Çayırbağlı Seyit Mehmet Ağa yangını çaresizlik içinde seyredenlerin arasında “Jetonu olan var mı?” diyerek dolaşıp birkaç tane bulduktan sonra yanına bir başkasını da alarak Kömürcüler Camiin oradaki telefon kulübesinden itfaiye çağırmaya gitti. Onlara köşeyi dönmeden de toprak damı taşıyan ağaçlar alevlere yenilip büyük bir gürültüyle çöktü. Evde ev kılığı kalmamıştı ki itfaiye aracı geldi. İtfaiye erleri hortumlarını serip göğe doğru haşmetle sünen alevlere tazyikli suyla müdahale ederken benim gibi kim bilir kaç kişi o gün ömründe ilk yangını ve ilk itfaiye müdahalesini görüyordu.
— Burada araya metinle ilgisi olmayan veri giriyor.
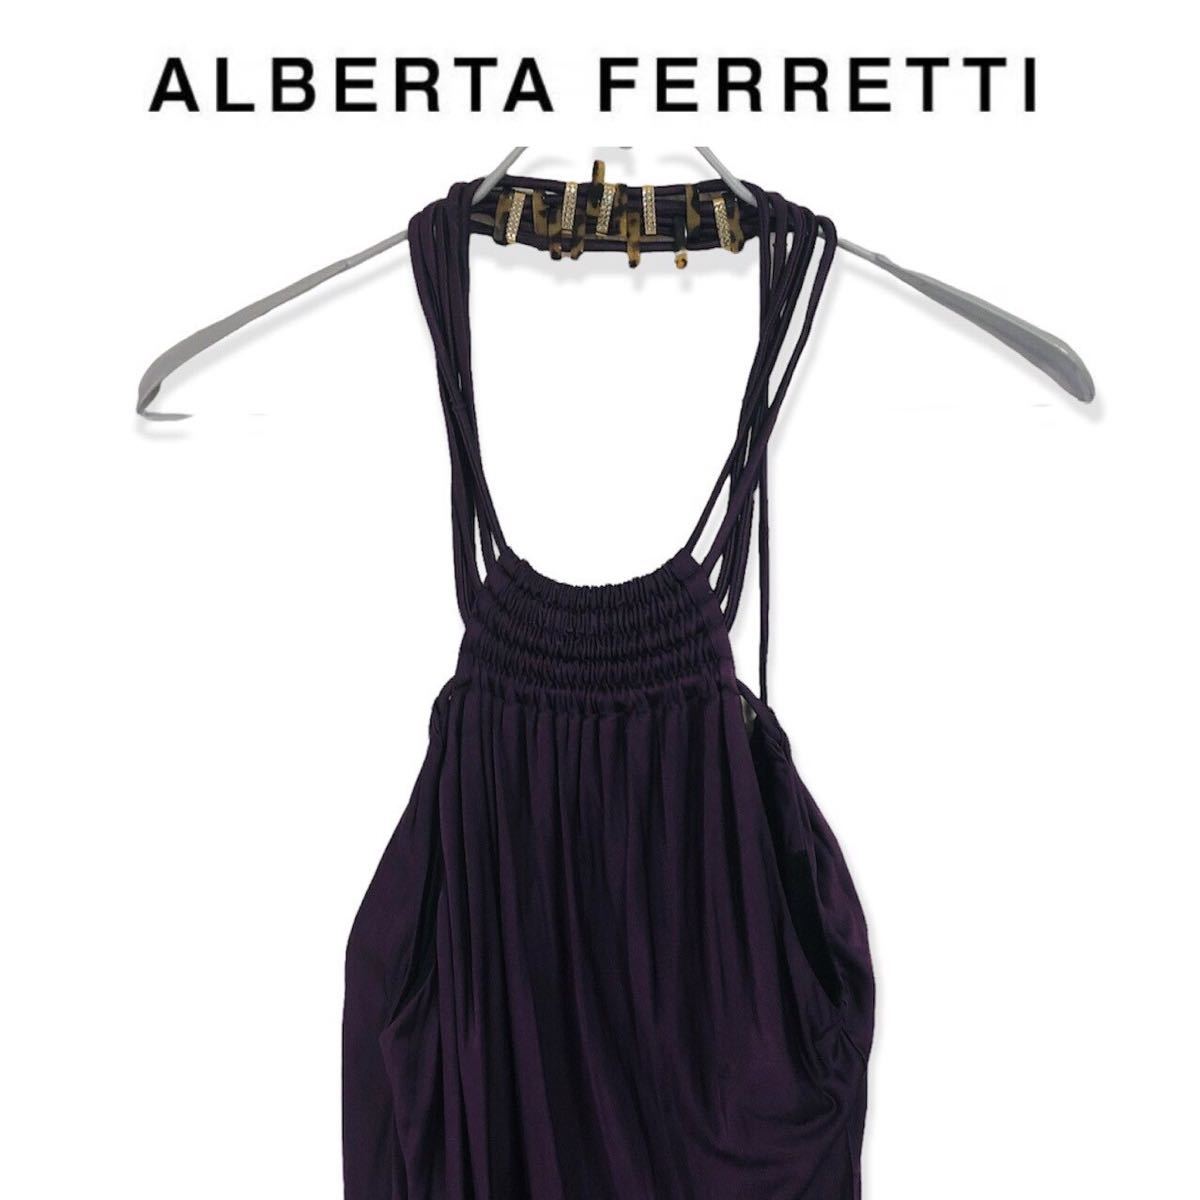  Alberta Ferretti ALBERTA FERRETTI высококлассный платье длинный One-piece лиловый вечернее платье Италия производства бренд свадьба XS

Yangın vereceği zararı verdikten sonra köpüklü sulara teslim olmuş, geriye için için yanan köz ve ondan süzülen dumanlar kalmıştı. Saat gece yarısı olduğunda itfaiyeciler rapor tutuyorken annemle babam karanlıkta göründü. Sokaktaki kalabalık ve is kokusu telaşlandırmış olmalı ki hızlanıp soluk soluğa geldiler. İtfaiyeciler “Yangın nasıl çıktı?” diye sorduğunda Sait Ağa “Tüpü taktım, kirpiti yaktım, yüzüme bir alev çaldı, üstüne battaniye attım ama söndüremedim” derken o anı adeta yeniden yaşıyordu.

Yangın tehlikesi geçince yine komşularımızın marifetiyle eşyalarımız evimize taşındı, biz çocuklar için döşekler serildi. Büyükler ise o geceyi evi yanan ailenin yardımında bulunarak geçirdi.

Sonraki günlerde Sait Ağa çalıştığı Et Kombinasından izin alıp sağlam kalan eşyalarını yangın enkazından ayırırken sık sık ağıtları duyuldu etrafta. Ve Ermenek’ten bir ağabeyle bir abla geldi yardımlarına. Bunlar insan suretinde iki iyilik meleğiydi sanki. Yağız delikanlı olabildiğince pozitif enerji yüklü, çalışmaktan yılmayan, etrafıyla daima barışık mütebessim biriydi. Yorgunluk molalarında biz çocuklarla oynayıp şakalaşmayı tercih eder, güzel konuşur ve güzel de dinlerdi. Abla da onun emrine girmiş bir amele gibiydi. “Burada ne güzel insanlar var, herkes bize yardım ediyor” sözü de onlardan sadır olmuştu. “Keşke isimlerini de unutmamış olsam da burada zikredebilseydim.

Yangının yaydığı is kokusu günler boyunca sürdü, enkaz temizlendi ve ev yenilendi. Sait Ağa evine yaptıracağı müştemilat için bir kamyon kum yıktırmıştı. Bilyalı sürmekten, teker çevirmekten ve ebelemeci, saklambaç oynamaktan bıkan çocuklar için bu kum yığını yeni bir oyun merkezi haline geliverdi. Kimi üzerine çıkarken ayakkabısını kumda kaybediyor, kimi çıplak ayakla tepesine çıkıp aşağı koşarken düşüp yuvarlanıyor ve bütün bunlar bir eğlenceye dönüşüyordu. Dedesi merhumun keyfe gelip “Benim torunum herif olacak diyerek ağzına tutuşturmasıyla küçük yaşta sigaraya müptela olmasından mütevellit ‘Caracı’ yani sigaracı lakabını alan Ali adeta kepçe makinası olmuş, kolunu kum yığının derinliklerine uzandırmaya çalışırken motor gibi sesler de çıkarıyordu. Kolunu omzuna kadar sokup avucuna topladığı son kumu asıldığında elinin hemen ardından yemyeşil bir sürüngen fırladı ki gözle kaş arasında kum yığınının ardındaki taşlara, oradan da bahçelere dalarak izini kaybettirdi. Yılan kadar uzun değildi, baş kısmı kuyruk bölgesine oranla daha genişti ve çok kıvrak bir şekilde akıp gitmişti. Hayret ve korku çığlıkları birbirine karışmış, büyükler çocukların ifadeleri doğrultusunda, ilginç yaratığı aramaya koyulmuştu. Dağ hayatının kıdemlileri bizim anlattıklarımızdan çıkarımlar yaparak “O, Horozabla’dır ve yılandan daha zehirlidir. Aman dikkatli olun” diye uyardılar. Bildiğimiz tavukgillerden bir horoz vardı ama bu sürüngene niye horoz üstelik de abla demişlerdi, bilmem!

Yıllar sonra bir gün Sait Ağa, geçen sene de hanımı Fatma abla arkalarında bu ve bunun gibi belki nice hatıralar bırakarak sonsuzluk âlemine gittiler. Şimdi evleri de gün sayıyor.